Einfluss von Brennkammer Instationaritäten

Neuartige, emissionsarme Brennkammertechnologien zeichnen sich durch starken Drall, Temperaturungleichförmigkeiten und hohe Turbulenzgrade am Austritt aus. Diese Strömungsphänomene belasten die stromabwärts gelegene Hochdruckturbine thermisch wie mechanisch extrem und beeinflussen Wirkungsgrad sowie Lebensdauer negativ. Um diese komplexen Interaktionsmechanismen zu verstehen, reicht eine rein stationäre Betrachtung nicht aus. Im Rahmen dieses Projekts werden daher instationäre, skalenauflösende Simulationen durchgeführt. Durch das Aufprägen zeitlich variierender Randbedingungen an der Brennkammer-Turbine-Schnittstelle werden die hochfrequenten Druck-, Temperatur- und Geschwindigkeitsschwankungen erstmals realitätsgetreu abgebildet.

Forschungsvorhaben: Luftfahrtforschungsprogramm 5 (LuFo 5) Tranche 3, Luftfahrtforschungsprogramm 6 (LuFo 6) Tranche 2

Verbesserte Wärmeübergangsvorhersage durch Machine Learning Methoden

Die Steigerung des thermischen Wirkungsgrades moderner Triebwerke führt zu immer höheren Turbineneintrittstemperaturen. Um die daraus resultierende extreme thermische Belastung zu beherrschen, ist eine hocheffiziente Kühlung der Turbinenschaufeln essenziell. Klassische RANS-Turbulenzmodelle stoßen bei der Vorhersage des komplexen Wärmeübergangs gekühlter Schaufeln jedoch an ihre Grenzen. In diesem Forschungsvorhaben werden datengestützte Machine-Learning-Methoden auf Basis hochgenauer LES-Simulationen trainiert, um die Vorhersagegenauigkeit von RANS-Modellen signifikant zu verbessern. Das Ziel ist eine schnelle, numerische Methode, die bereits in frühen Entwicklungsphasen die Gestaltung robusterer und effizienterer Kühlungsdesigns erlaubt.

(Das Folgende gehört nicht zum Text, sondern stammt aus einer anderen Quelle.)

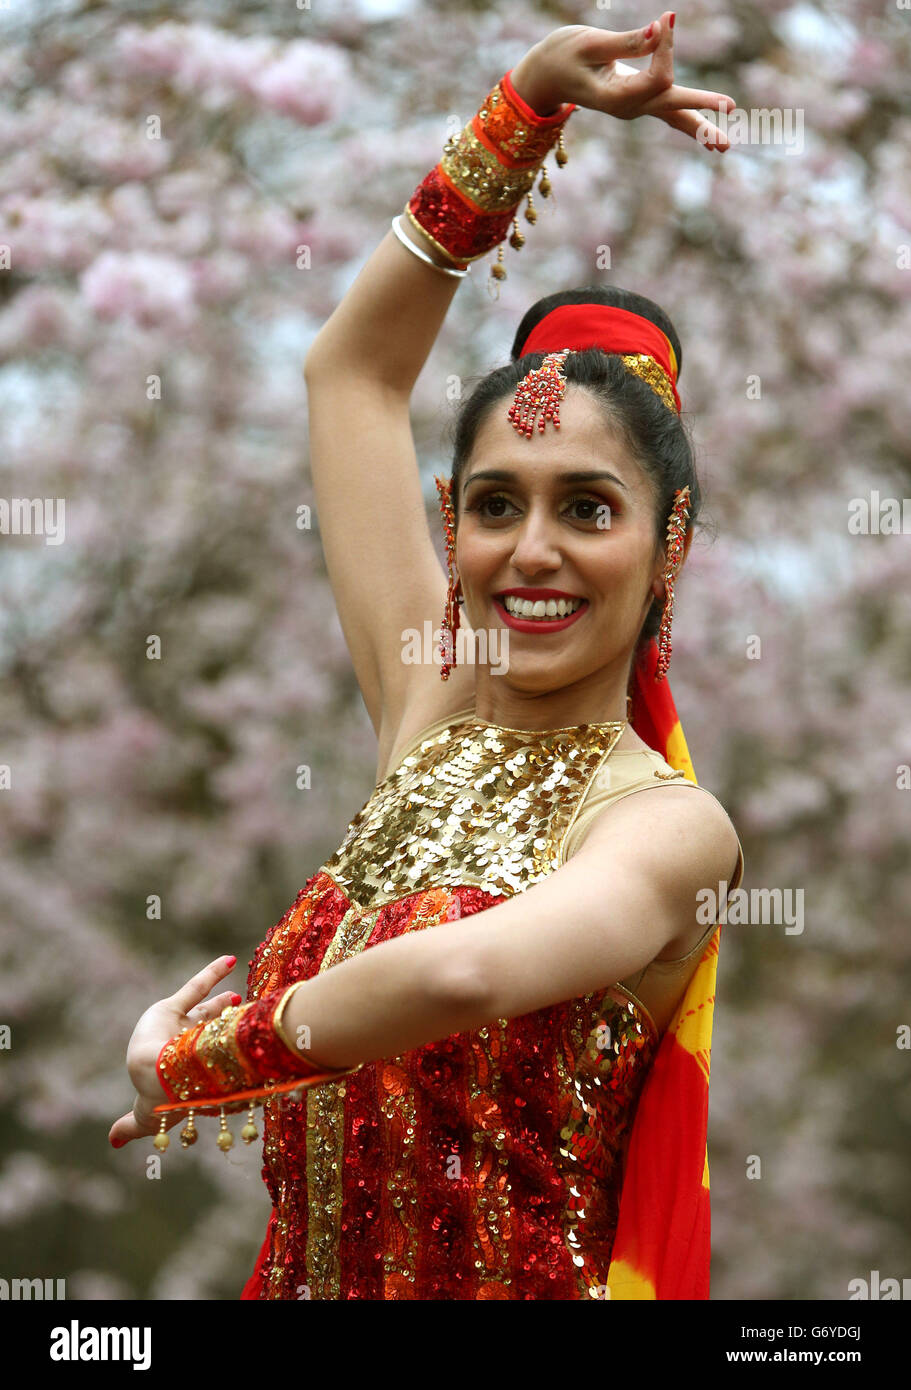 Pooja Berman, danseuse de Bollywood, à l'occasion du lancement de Glasgow Mela, le plus grand festival multiculturel d'Écosse qui se tient au parc Kelvingrove de la ville pour sa 24e année consécutive du 7 au 8 juin. Banque D'Images

Forschungsvorhaben: Luftfahrtforschungsprogramm 6 (LuFo 6) Tranche 1

Verdichter-Brennkammer-Turbine-Interaktion

Für die emissionsarme Luftfahrt der Zukunft müssen Triebwerke nicht nur effizienter werden, sondern auch bei unerwarteten Störungen bzw. Veränderungen ein robustes Betriebsverhalten aufweisen. Dafür ist ein ganzheitliches Verständnis der Interaktionsmechanismen zwischen den einzelnen Triebwerkskomponenten unerlässlich. Dieses Vorhaben untersucht mithilfe statistischer Methoden zur Unbestimmtheitsquantifizierung, wie aerodynamische Störungen am Verdichteraustritt durch die Brennkammer hindurchtransportiert werden und die Strömungsprofile am Turbineneintritt verändern. Durch die detaillierte Analyse dieser Kopplungsmechanismen werden Strömungsphänomene isoliert, um künftige Brennkammerdesigns unempfindlicher gegen Eintrittsstörungen zu gestalten.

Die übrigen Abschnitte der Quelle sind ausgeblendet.